The efficacy of VeLoRA was validated across different benchmarks, including VTAB-1k, GLUE, and MMLU, as well as tasks involving both moderate-size vision transformers and LLMs such as LLaMA. VeLoRA demonstrated substantial memory reductions without sacrificing performance:

  1. Vision Experiments (VTAB-1k): Combined with various PEFT methods like SSF, Hydra, and LoRA, VeLoRA lowered memory requirements while either maintaining or improving accuracy.
  2. Roberta Experiments: On the GLUE benchmark, VeLoRA reduced memory consumption by up to 45\% compared to full fine-tuning, with only a minor decrease in performance.
  3. Scaling to LLaMA Models: When applied with QLoRA to LLMs, VeLoRA offered significant memory savings (15-14.4\%) while enhancing performance on tasks like Alpaca and evaluation benchmarks such as MMLU.
  4. Pre-training on C4: VeLoRA outperformed competing methods in pre-training scenarios, showing lower validation perplexity and reducing on-device GPU memory usage.

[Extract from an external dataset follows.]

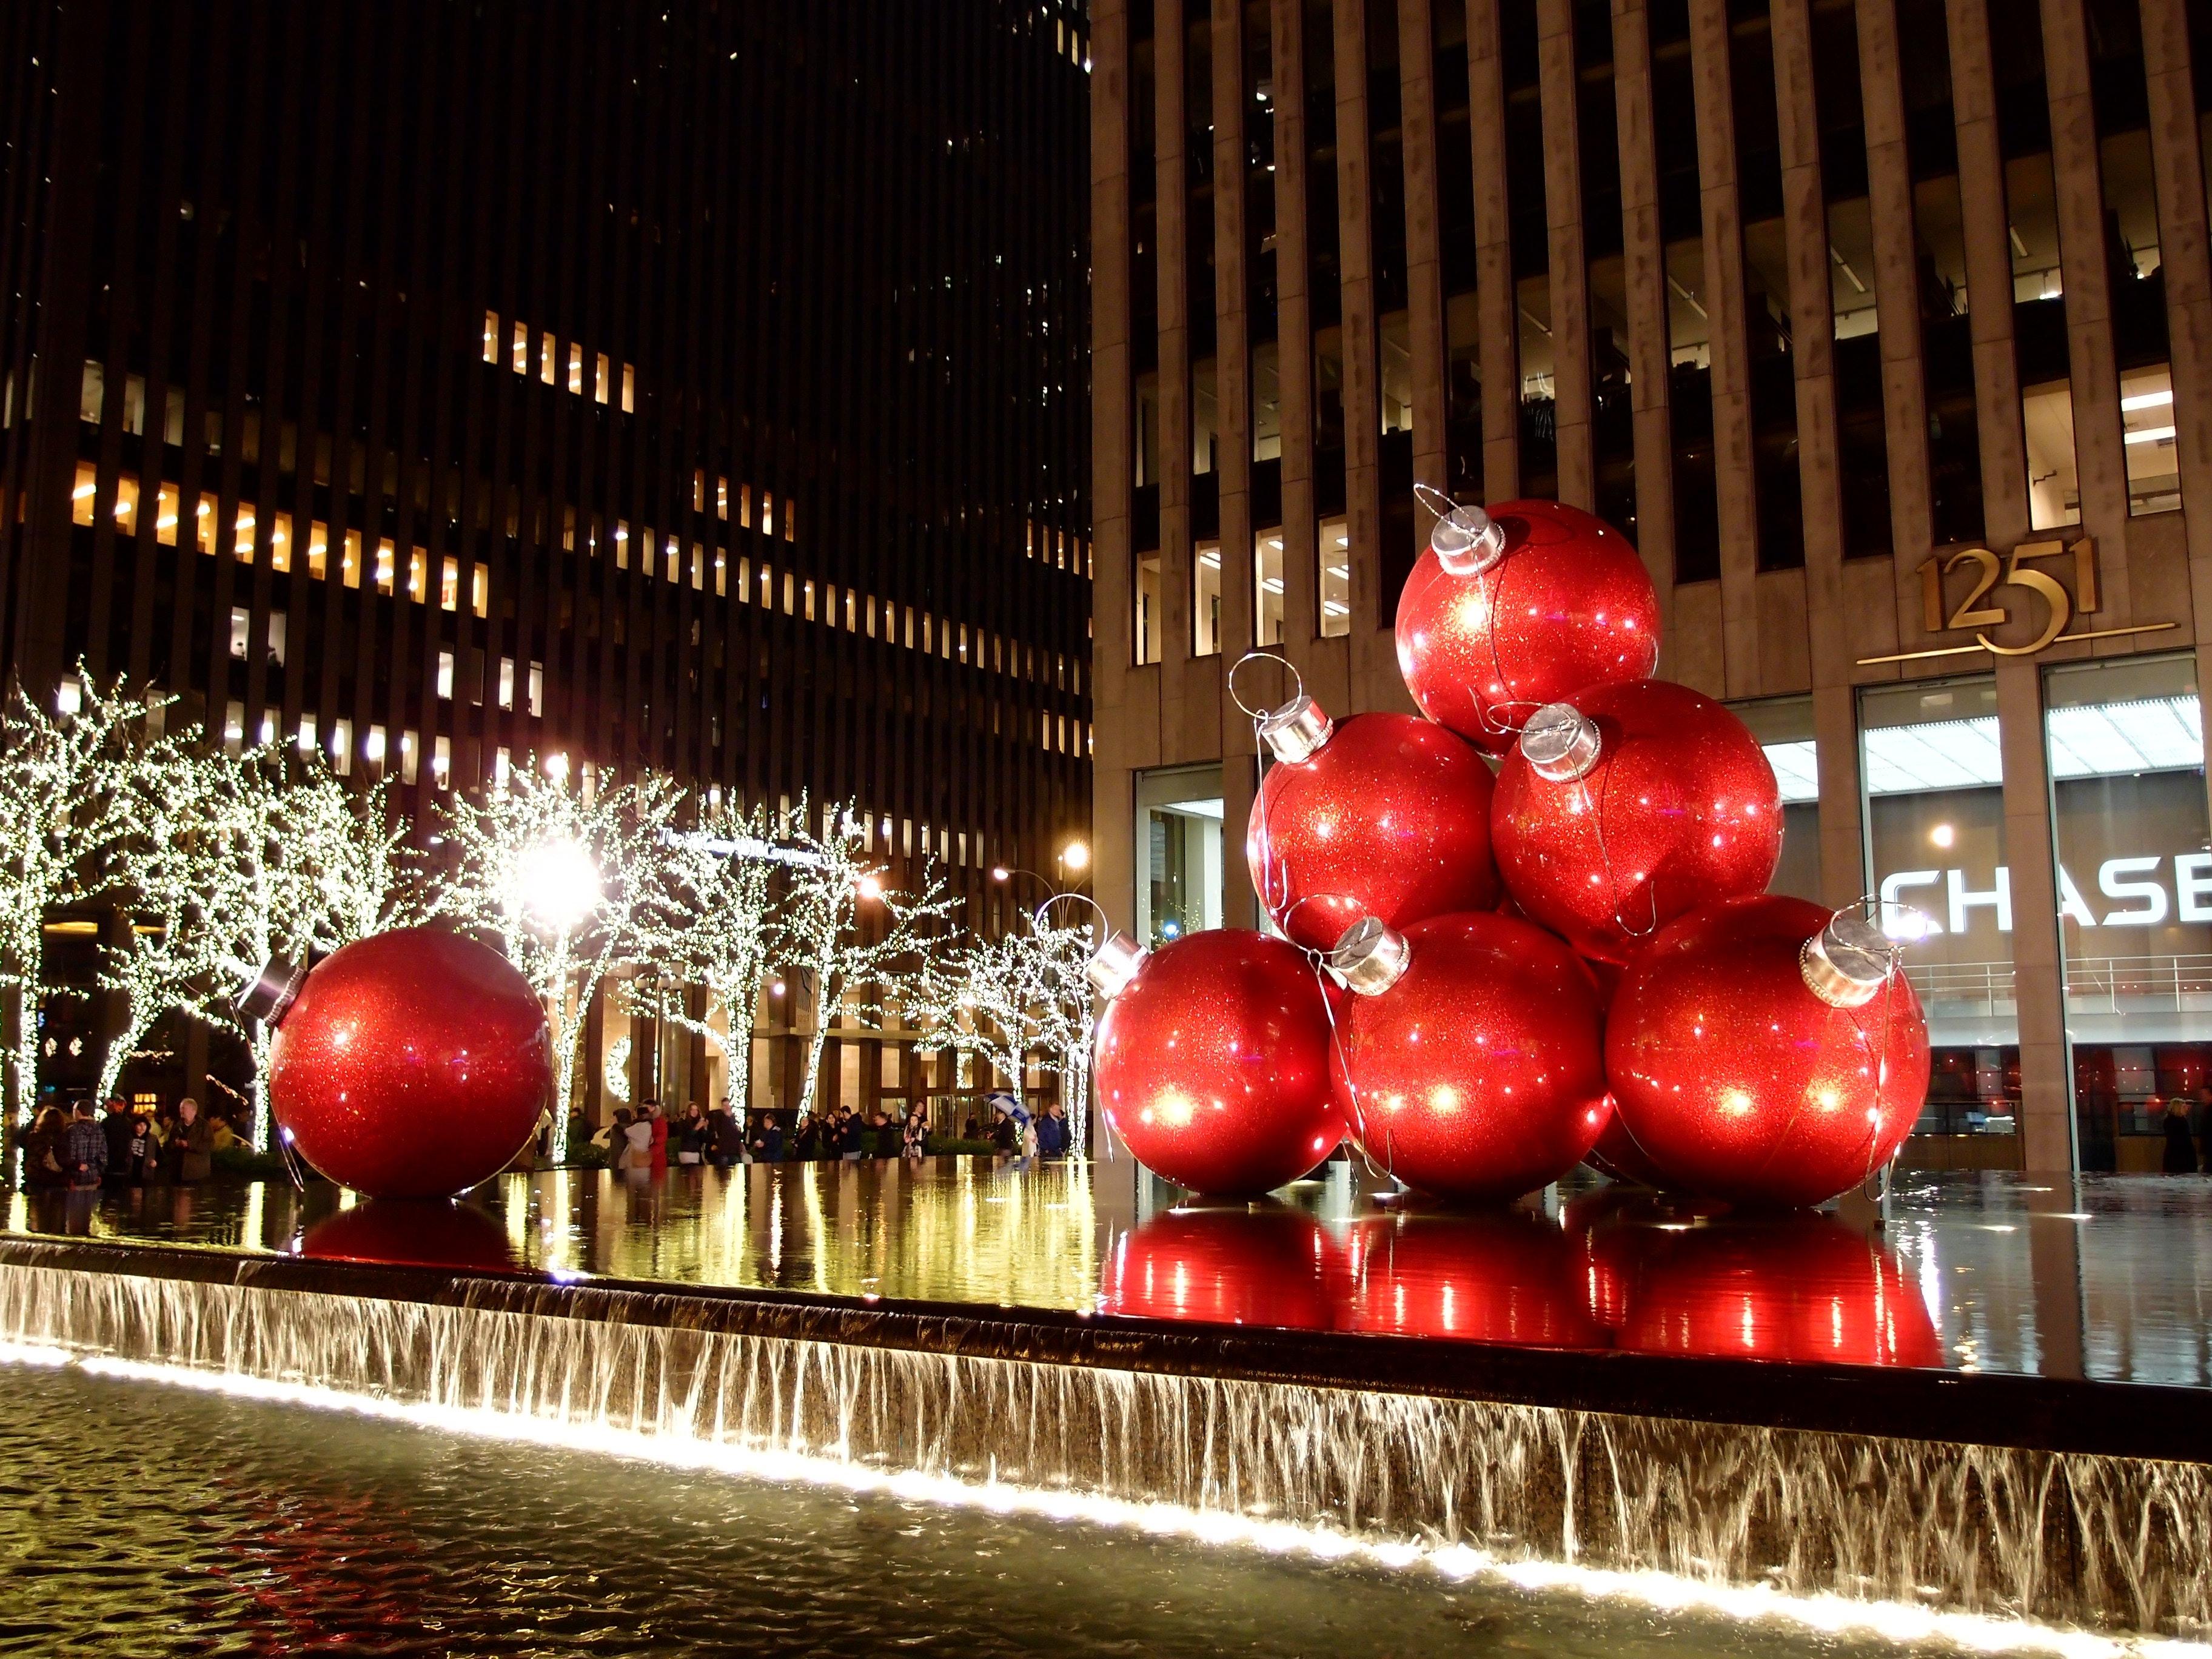 Kostenloses Foto zum Thema: nyc weihnachten, weihnachten in new york

Implications and Future Directions

The results indicate that VeLoRA can significantly alleviate memory constraints in training LLMs, thereby enabling the use of larger models on existing hardware. This method's implications are vast, potentially democratizing access to advanced AI research by lowering the hardware barrier. Furthermore, VeLoRA's compatibility with existing PEFT methods enables more efficient fine-tuning, aligning well with current trends toward resource-efficient AI development.

Conclusion

VeLoRA represents a significant step forward in addressing the memory bottlenecks associated with training large-scale LLMs. By compressing intermediate activations into a fixed low-dimensional space, VeLoRA offers a practical solution that enhances memory efficiency while maintaining model performance. This method's ability to integrate seamlessly with other PEFT techniques and its broad applicability across various model sizes and tasks underscore its potential to become a standard approach in the efficient training of neural networks.

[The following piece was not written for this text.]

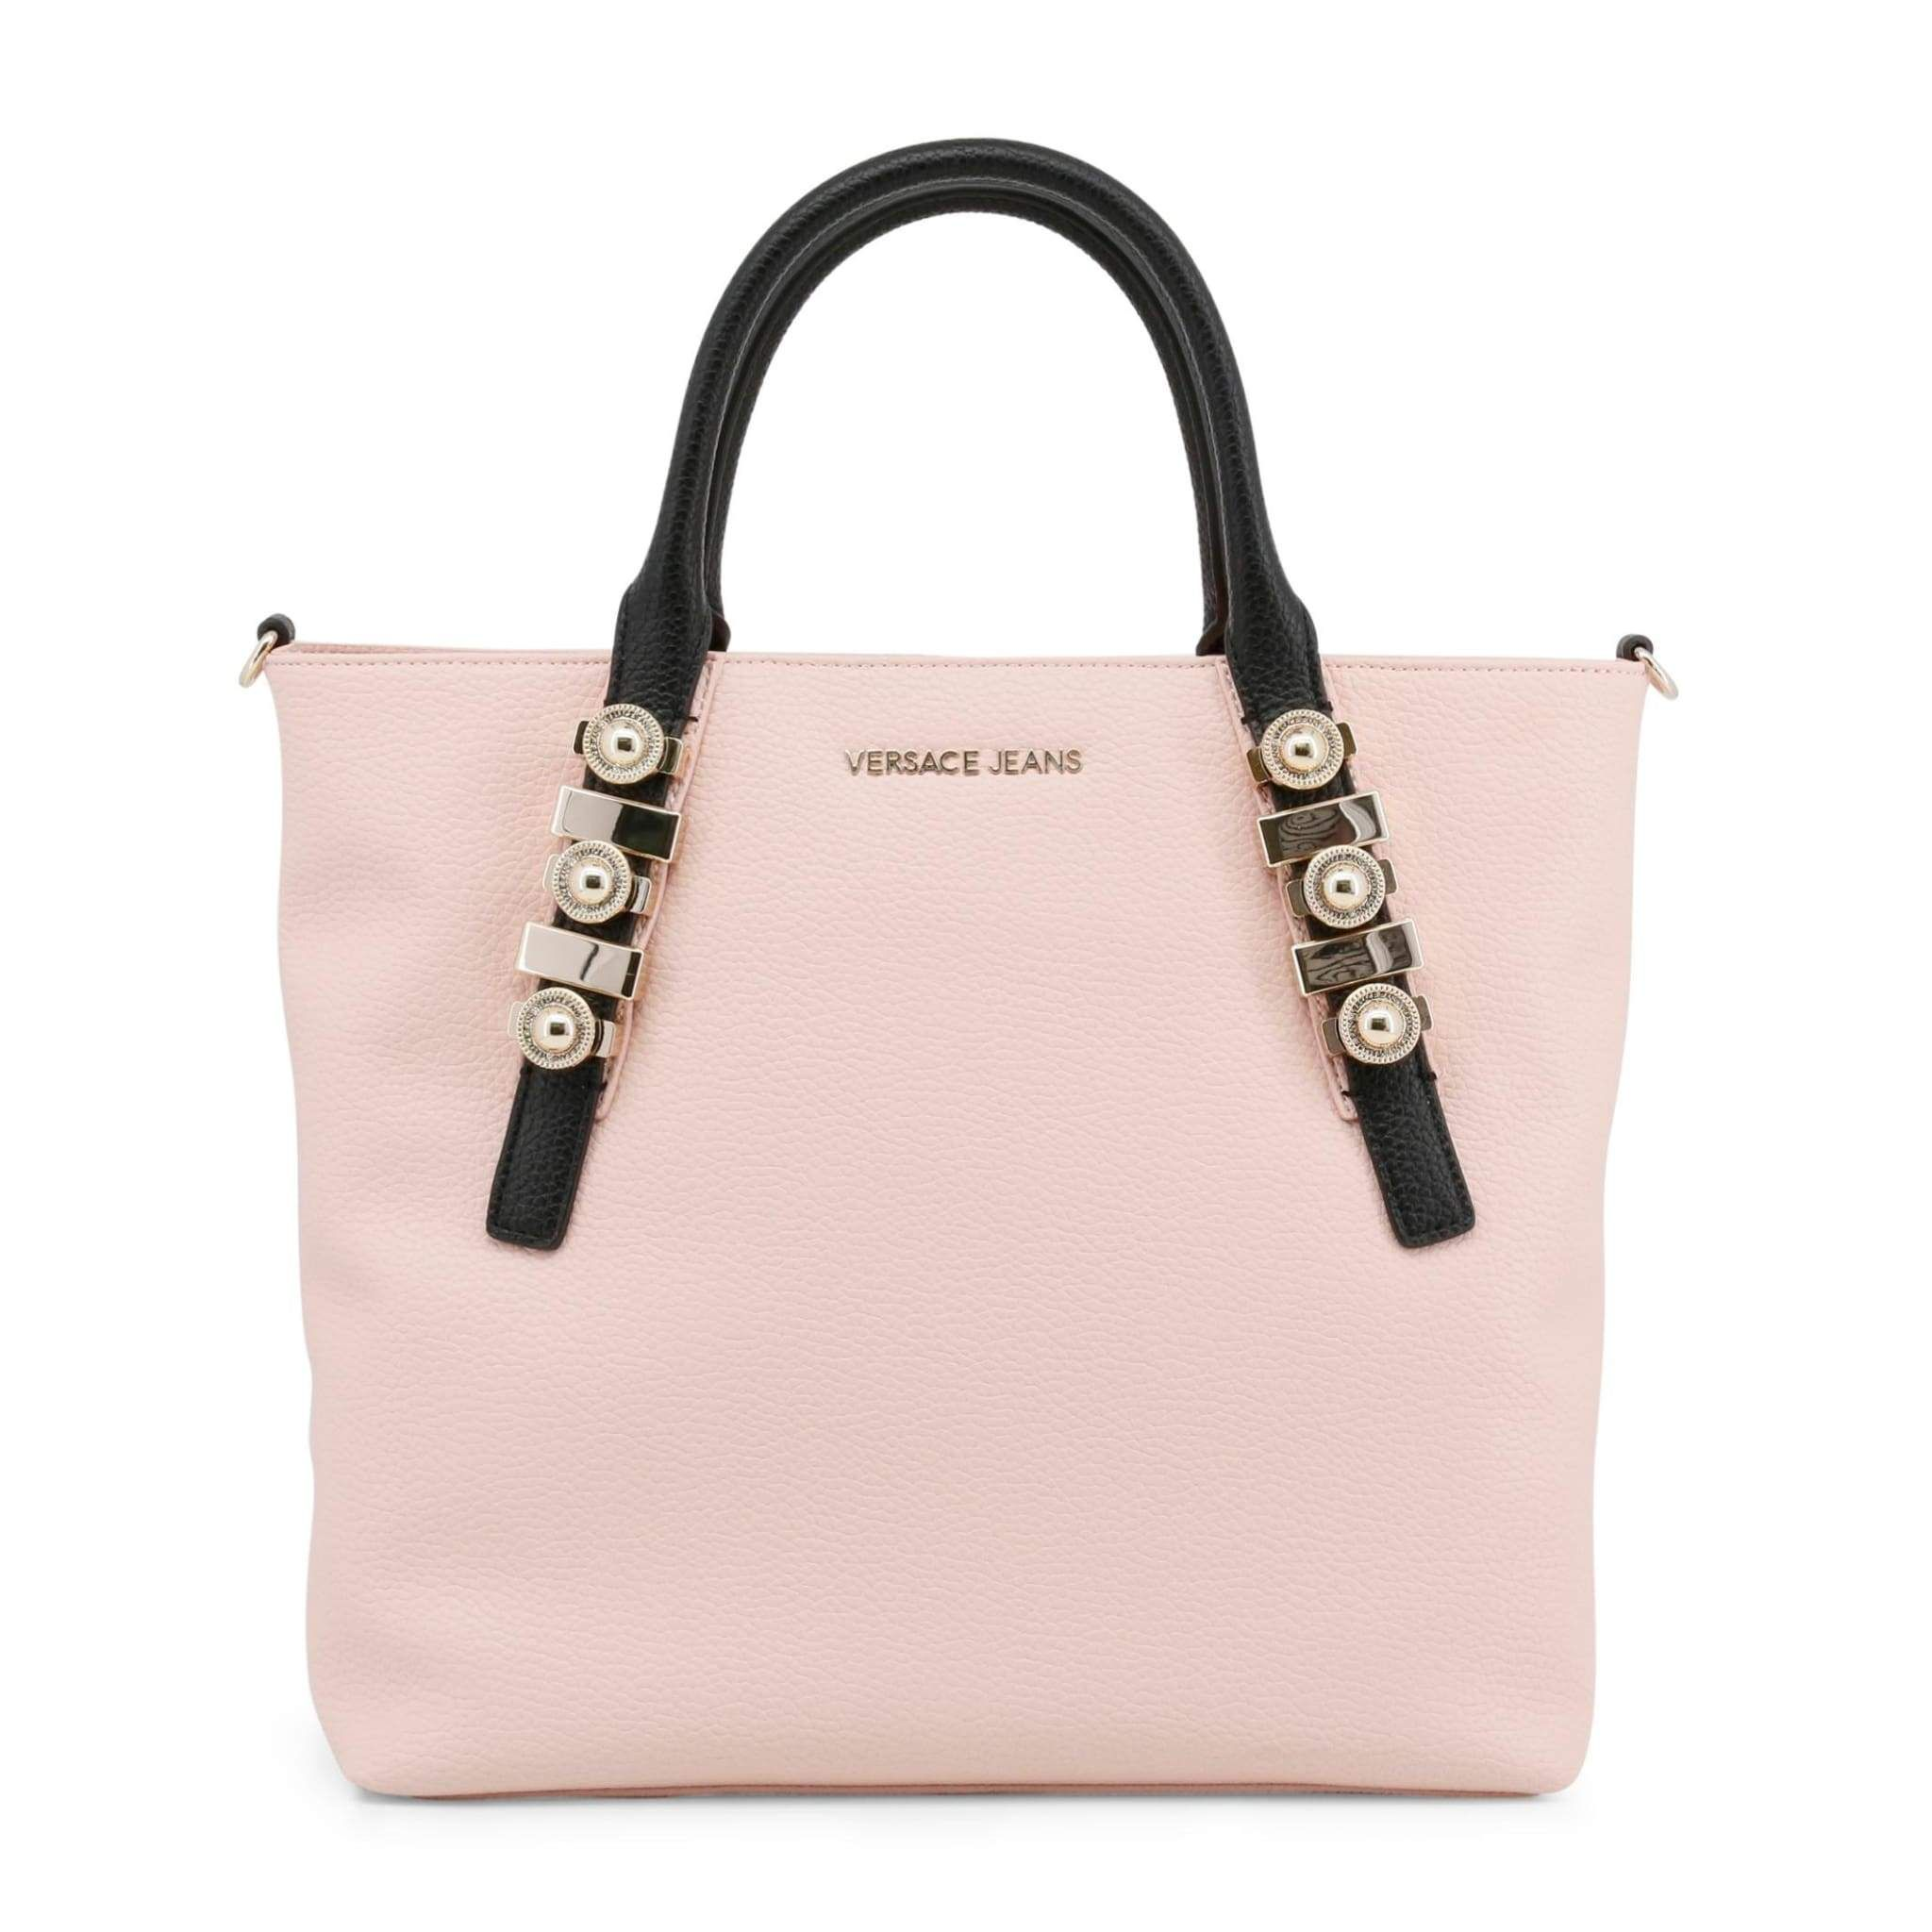 Versace Jeans E1Vrbbh2 Women Pink Handbags  4b0de9db2d633

Limitations and Broader Impact

The applicability of VeLoRA beyond Transformer-based models remains to be explored, and although the method significantly alleviates memory constraints, it does not address the total training time. As VeLoRA facilitates access to high-quality research for institutions with limited resources, it simultaneously raises concerns about the misuse of advanced AI technologies. Ensuring responsible use and continued assessment of the socio-ethical impact remains crucial as the field progresses.